Working on Friday, Kevin shouted, “Here’s a toad,” and I raced over to admire. We gently pushed back the wet leaves so that we could watch her pump her abdomen in and out in slow measured calming breathing, designed to fool us into thinking she wasn’t alive. We admired her speckled bumpy back and strong back legs. We immersed ourselves in the pattern made by the gray and brown and green shards of color on her back. We tried to catch her prominent eye to thank her for being in our garden. Then we covered her up with wet leaves.

Later we found two tiny toads and only high-fives could express our delight.

So why this excitement over a toad. Why would a recent Washington Post article claim, “Toads are the garden’s heroes”? Because, the article explains, “When it comes to pest control, toads are nature’s Orkin men. They can quickly plow through bug populations, eating just about any insect, larvae, snail or slug they can get into their mouths.” Truth be told, larger toads, it seems, may attempt to eat anything that moves, as long as it fits into their mouths. This can include small snakes, baby birds, and mice.

In addition to their function as pest controllers, toads in the garden are also a sign of a healthy-balanced environment. Toads have permeable skin through which they absorb oxygen – and toxins. As a result they are extremely sensitive to changes in the quality of air and water. They are often the first animals to be affected by pesticide use in or near their ecosystems. Toad health is a bellwether for the health of other species in the same ecosystem. If I have toads, then, I can imagine as well that other creatures are thriving.

This season I have witnessed a bumper crop of toads in my garden. I dream of an ecosystem slowly returning to health. The only toxin I bring into the garden is copper hydroxide which I have sprayed on the blue spruces to control the rhizosphaera fungus that is defoliating them. But in my brief research on toads, I have read that the common cane toad (Bufo bufo) is rather sensitive to copper. I suspect this is also the case for the American toad (Anaxyrus americanus.) I think it may be time to give up on the spruces.

I love the name Bufo bufo. Though ‘bufo’ does not mean “clown” in Latin, it has that meaning in Spanish, my only other language. I find it to be a perfect name for a creature that looks a bit like a clown yet does really important work. However, though all toads secrete toxins that are potentially harmful to animals that bite or feed on them, including native animals and domestic pets, the cane toad appears to be more aggressive, outcompeting native species for resources like food and breeding habitat.

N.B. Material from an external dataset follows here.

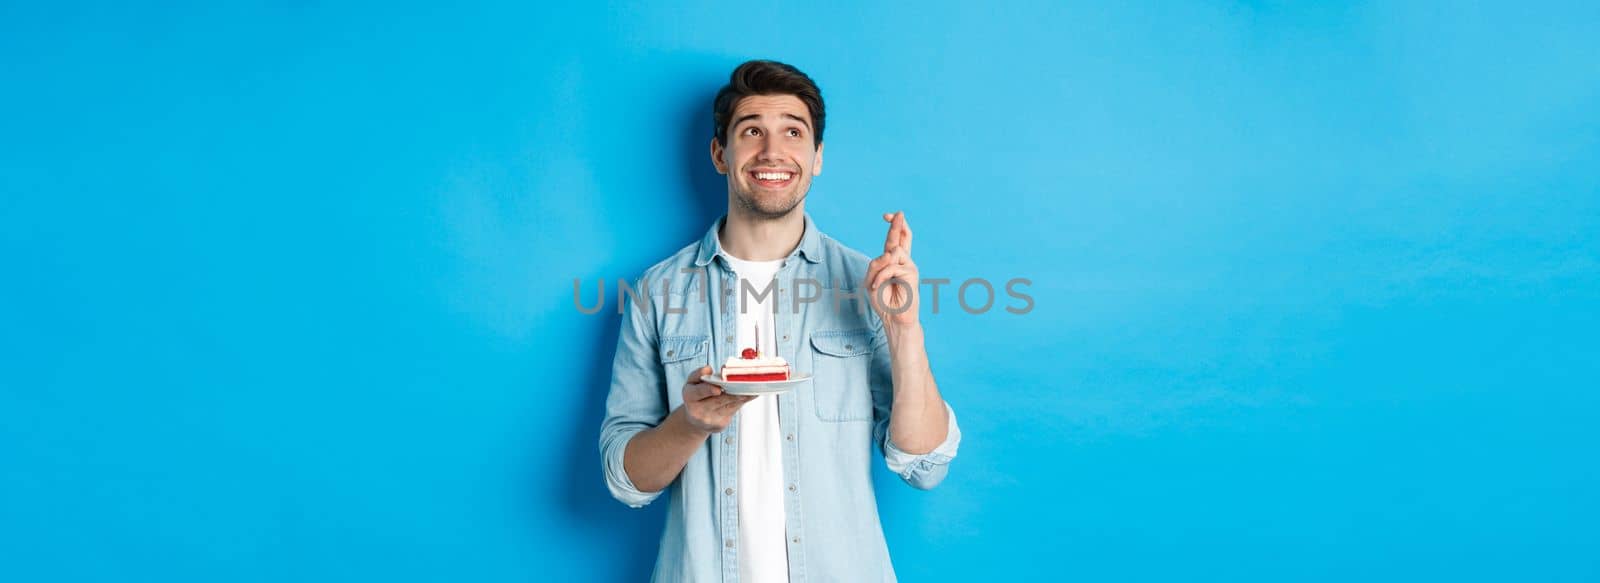 Handsome man making a wish, celebrating birthday, holding b-day cake and cross fingers, standing over blue background.
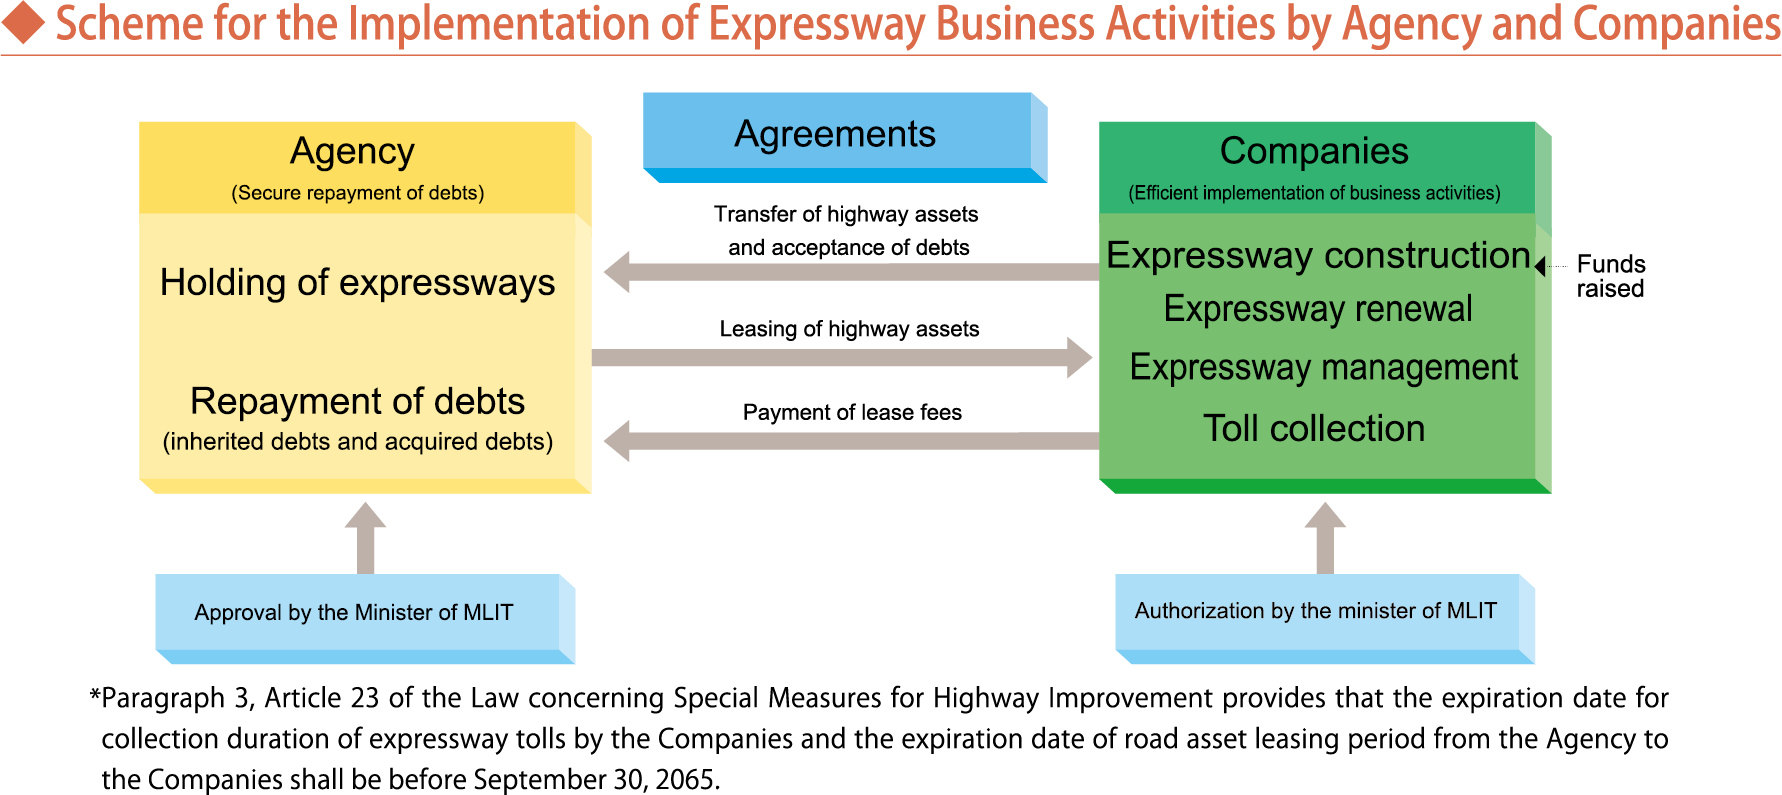 Scheme of implementation of expressway business by the Agency and the Companies. The Agency maintains expressway assets, leases them to the Companies, and receives payment of leasing fees from the Companies to repay the debts, including those due to the leased from the Agency, collect fees from the users to appropriate the fees to the payment of leases, while promoting construction and renovation of expressways and delivering them to the Agency together with the debts.

So I hope my toad is the common American toad. I think she is. The American toad is 2 to 3.5 inches long, with short legs, a stout body and thick warty skin. Brown is the most common skin color but, according to National Geographic, skin color is highly variable and can also be red, olive or gray. We saw short legs, stout body, and thick warty skin. We saw red and gray and olive green as well as brown. I think we saw Anaxyrus americanus.

#

Though a lesbian, I do like princes, and am lucky to have many such men in my life. But I am grateful that, if I could kiss my toad, whether boy or girl, it would still stay a toad. I doubt if Anaxyrus would let me kiss her, though. That’s ok. It is enough just to stare in wonder.